Эта мысль пришла в голову мне: Галке надо оставить работу в типографии и полностью переключиться на учебу. Разговоры сначала велись между нами в порядке бреда. Но идея, витавшая в воздухе, в конце концов зацепила и Галку. Главный ее контраргумент: а жить на что? Мой же довод был из тех, которым пользоваться запрещено: Галкин заработок составлял незначительную часть нашего бюджета. И тут у меня появилось новое обстоятельство. Наш заведующий промышленным отделом, Яков Яковлевич, «паровозник», как звали его ребята (он и вправду до газеты служил машинистом), запил окончательно, и его пришлось уволить. Незадолго перед тем ушла в декрет, а затем уволилась Мэла Полосухина (о, вот и открылось мое вранье вначале: я утверждала, что была единственным сотрудником редакции с высшим образованием. А ведь Мэла тоже окончила университет. Может, я о ней забыла потому, что за год нашей совместной работы она не написала ни строчки, а только пыталась править малограмотных наших Михайла Михайловича и «паровозника» и кое-как макетировала газету). Кстати, Николай Васильевич предпочитал свою партийную полосу рисовать сам, и она у него получалась эффектной (если не обращать внимания на текст); циничный Журавлев ставил перед собой только конкретные задачи: показать, что партийная жизнь в городе кипит, собрания проходят, коммунисты возглавляют et cetera. Так вот меня некоторое время заставляли исполнять обязанности секретаря – впрочем, вполне бесславно. Слава тебе Господи, вскоре на эту должность заступил Степа Наумов, собкор краевой молодежной газеты в каком-то районе. Он женился и хотел бы жить в городе.

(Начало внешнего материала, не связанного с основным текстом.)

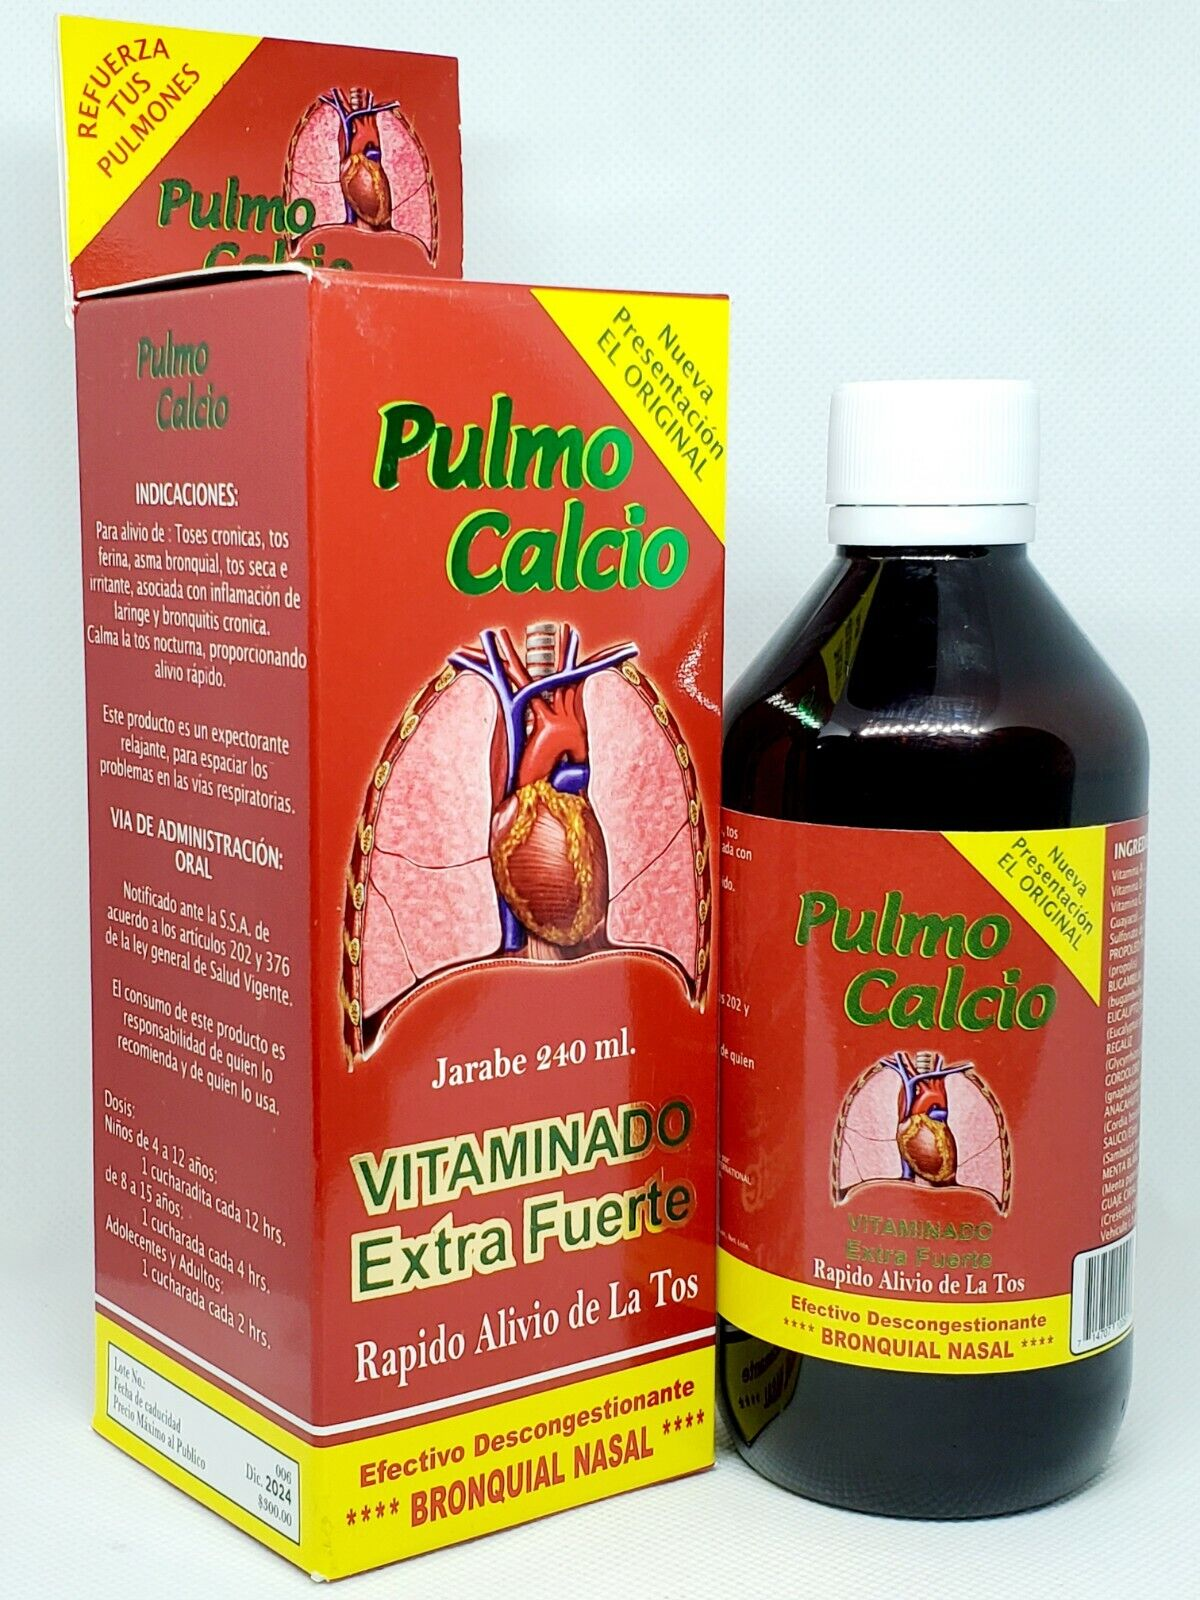 Pulmo Calcio Jarabe Expectorante Extra Fuerte Vitaminado Tos 240 ml. Syrup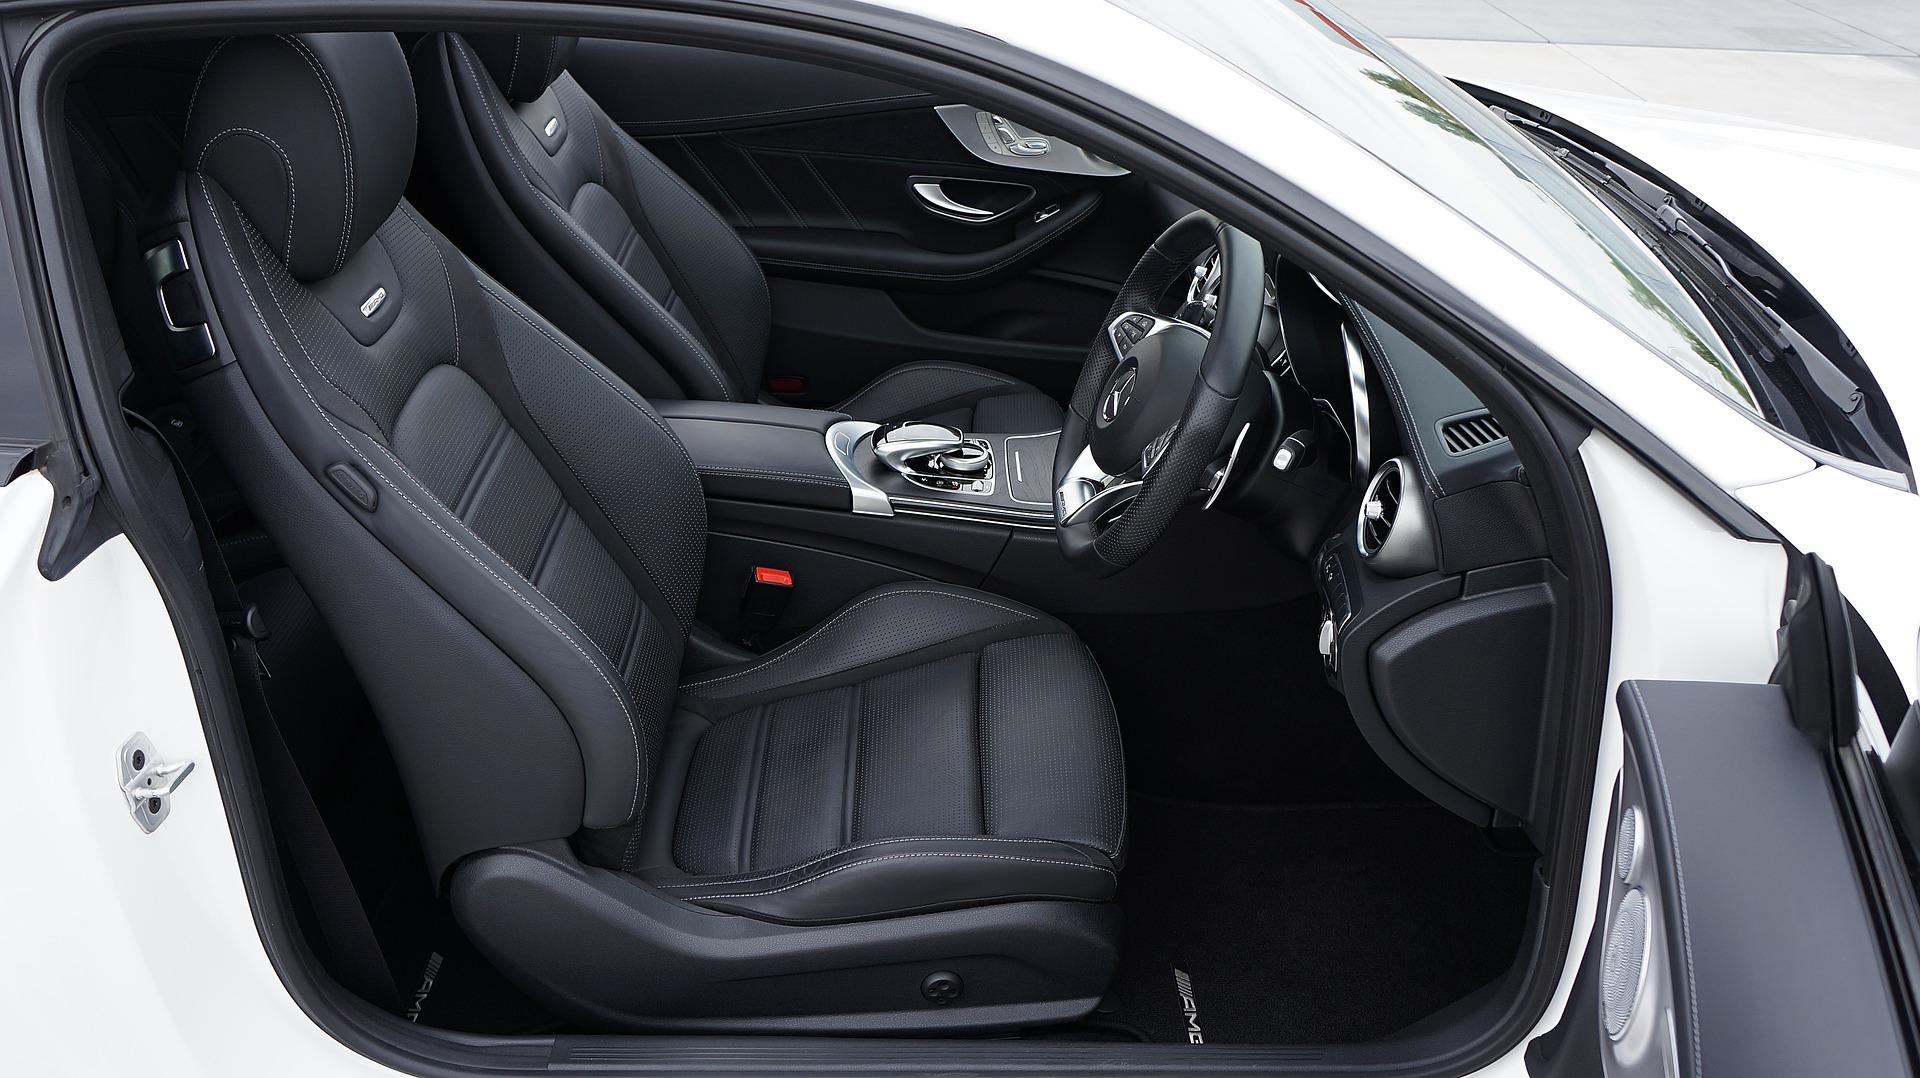 La Mercedes AMG C63 - Les Caractéristiques et Prix

И вот – новая дыра в штате! А так как я по промышленным вопросам пописывала (я ведь была единственным литсотрудником на все отделы), и не без успеха (одна ночная смена на мясокомбинате чего стоит! и по валу! и по товару!), то ничего лучше не придумали, как вручить мне отдел. Правда, с буквочками и.о. Зато с увеличением оклада на триста рублей. То есть почти на ту сумму, которую зарабатывала Галка в типографии. А тут как раз заехал к нам в гости Галкин отец. И сама Галка примерно в это же время побывала у матери в Белокурихе. Не знаю, как в душе отнеслась к идее мать, но и тот, и другая посулили помогать дочери деньгами.
* * *
Но это все – приуготовления. Жизнь по новому сценарию должна была начаться с сентября, после моего отпуска. А в прожитом годе стоит описать еще два эпизода. Один – как мы посещали итальянский фильм «Дайте мужа Анне Заккео» – в советском прокате – «Утраченные грезы». Сговаривались накануне. У Галки в этот день почему-то не было занятий. Или прогуляла? Нет, такого у нас в заводе не было, я бы не допустила. Сама в школе — ярая прогульщица и весьма малоприлежная студентка, я в роли старшей сестры была строга. Итак, после работы мы зашли еще в продмаг, и я бездумно купила пачку пельменей – такая редкость! И направились к условленному месту встречи – у входа в кинотеатр. Из ребят приехали только Виталий и Рогов. Со смехом и шутками купили билеты, пили в буфете лимонад, уселись на свои места, безумно хохотали в самом начале фильма – герои посещают какое-то представление; буффонада была настолько смешна, хотя и непритязательна, что и зрительный зал в фильме, и Бийский кинотеатр просто сотрясались от смеха. Я раскачивала головой так, что стукнулась лбом о спинку впередистоящего кресла и впервые узнала, что «искры из глаз» – это не фигуральное, а вполне буквальное выражение.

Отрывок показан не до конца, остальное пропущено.